Salah satu penulis Buku Kompilasi: Pengarusutamaan Gender dalam Parlemen (Penerbit Sekretariat Jenderal DPR RI bekerja sama dengan Proyek PROPER – UNDP, 2008). Menjadi editor beberapa buku yang diterbitkan oleh P3DI Setjen DPR RI, antara lain: Tenaga Kerja: Perspektif Hukum, Ekonomi, dan Sosial (2013); Perlindungan Anak dari Perspektif Pendidikan, Psikologis, dan Sosial (2012); Tenaga Kerja Indonesia: antara Kesempatan Kerja, Kualitas, dan Perlindungan (2011); Pencapaian MDGs Bidang Pemberdayaan Perempuan dan Perlindungan Anak (2011); Pemilu 2004: Analisis Politik, Hukum, dan Ekonomi (2003); dan

Peran dalam Pembangunan (2000). Juga menjadi kontributor dalam beberapa buku: Tantangan Pembangunan Sosial di Indonesia (2009); Krisis Ekonomi Global dan Tantangan dalam Penanggulangan Kemiskinan (2009); Pemilu 2009 dan Konsolidasi Demokrasi (2008); Pembangunan Kesejahteraan Rakyat: Tinjauan terhadap Dua Tahun Pemerintahan SBY-JK (2006); Kesejahteraan Sosial: Wacana, Implementasi, dan Pengalaman Empirik (2005); dan Pembangunan Sosial: Teori dan Implikasi Kebijakan (2000).

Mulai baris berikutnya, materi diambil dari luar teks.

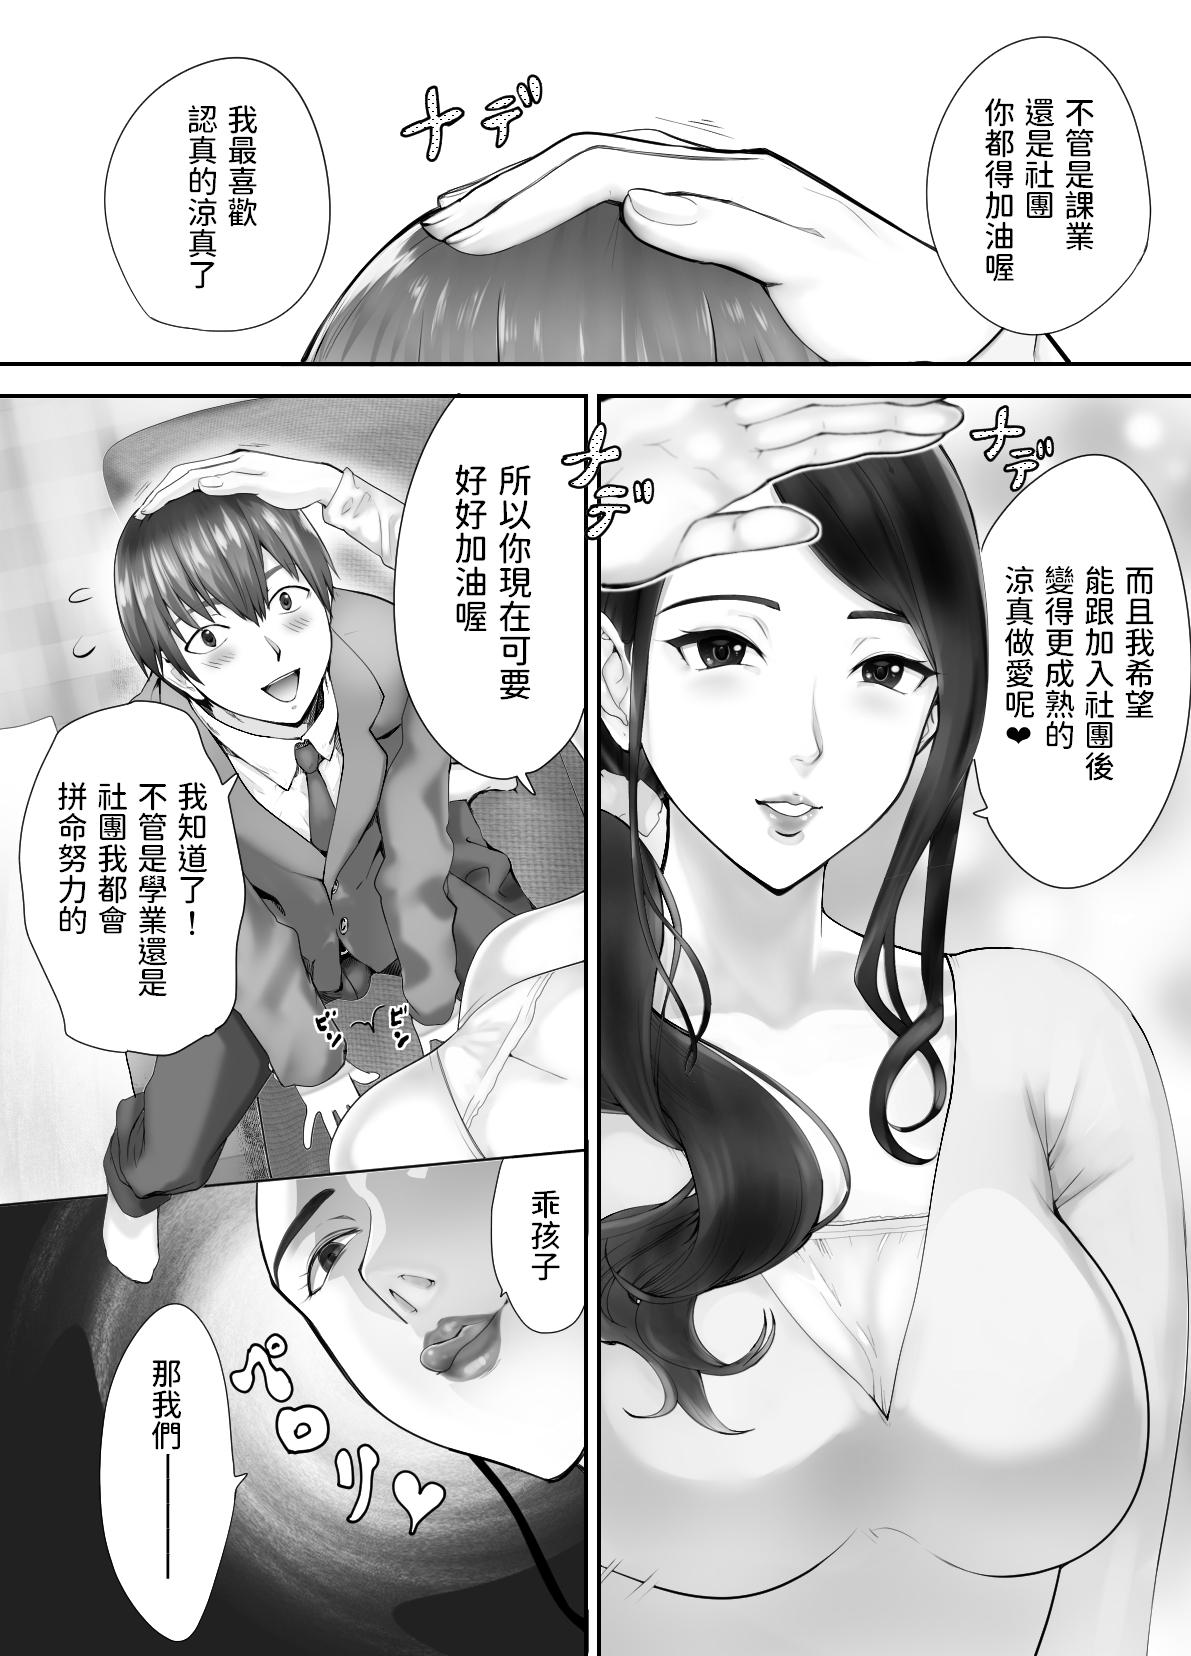 Polla Osananajimi ga Mama to Yatte Imasu. 3 - Original Asslicking - Page 10

Menulis beberapa artikel mengenai isu perempuan dan gender pada jurnal ilmiah dan surat kabar, antara lain “Urgensi Undang-Undang tentang Perlindungan Pekerja Rumah Tangga dalam Perspektif Feminis” (Jurnal Legislasi Indonesia Vol. 7, No. 2 Agustus 2010); “Kebijakan Penempatan TKI Pasca-Moratorium” (Majalah Parlementaria, Edisi 85 Th XLII, 2011); “Perlindungan Tenaga Kerja Indonesia di Luar Negeri” (Majalah Parlementaria, Edisi 80 Th XLI, 2010); “Nasib UU Perlindungan Pekerja Rumah Tangga” (Kompas, 11 Agustus 2010) dan “RUU Anti KDRT: Buah Simalakama bagi Perempuan” (Kompas, 6 September 2004). Aktivitas lainnya adalah menjadi Anggota Kelompok Kerja Peningkatan Partisipasi Politik Perempuan Deputi II Bidang Peningkatan Kualitas Hidup Perempuan (PKPH) Kementerian Negara Pemberdayaan Perempuan dan Perlindungan Anak Republik Indonesia (2007-2009). Terakhir menulis buku Perda Diskriminatif dan Kekerasan terhadap Perempuan (2011).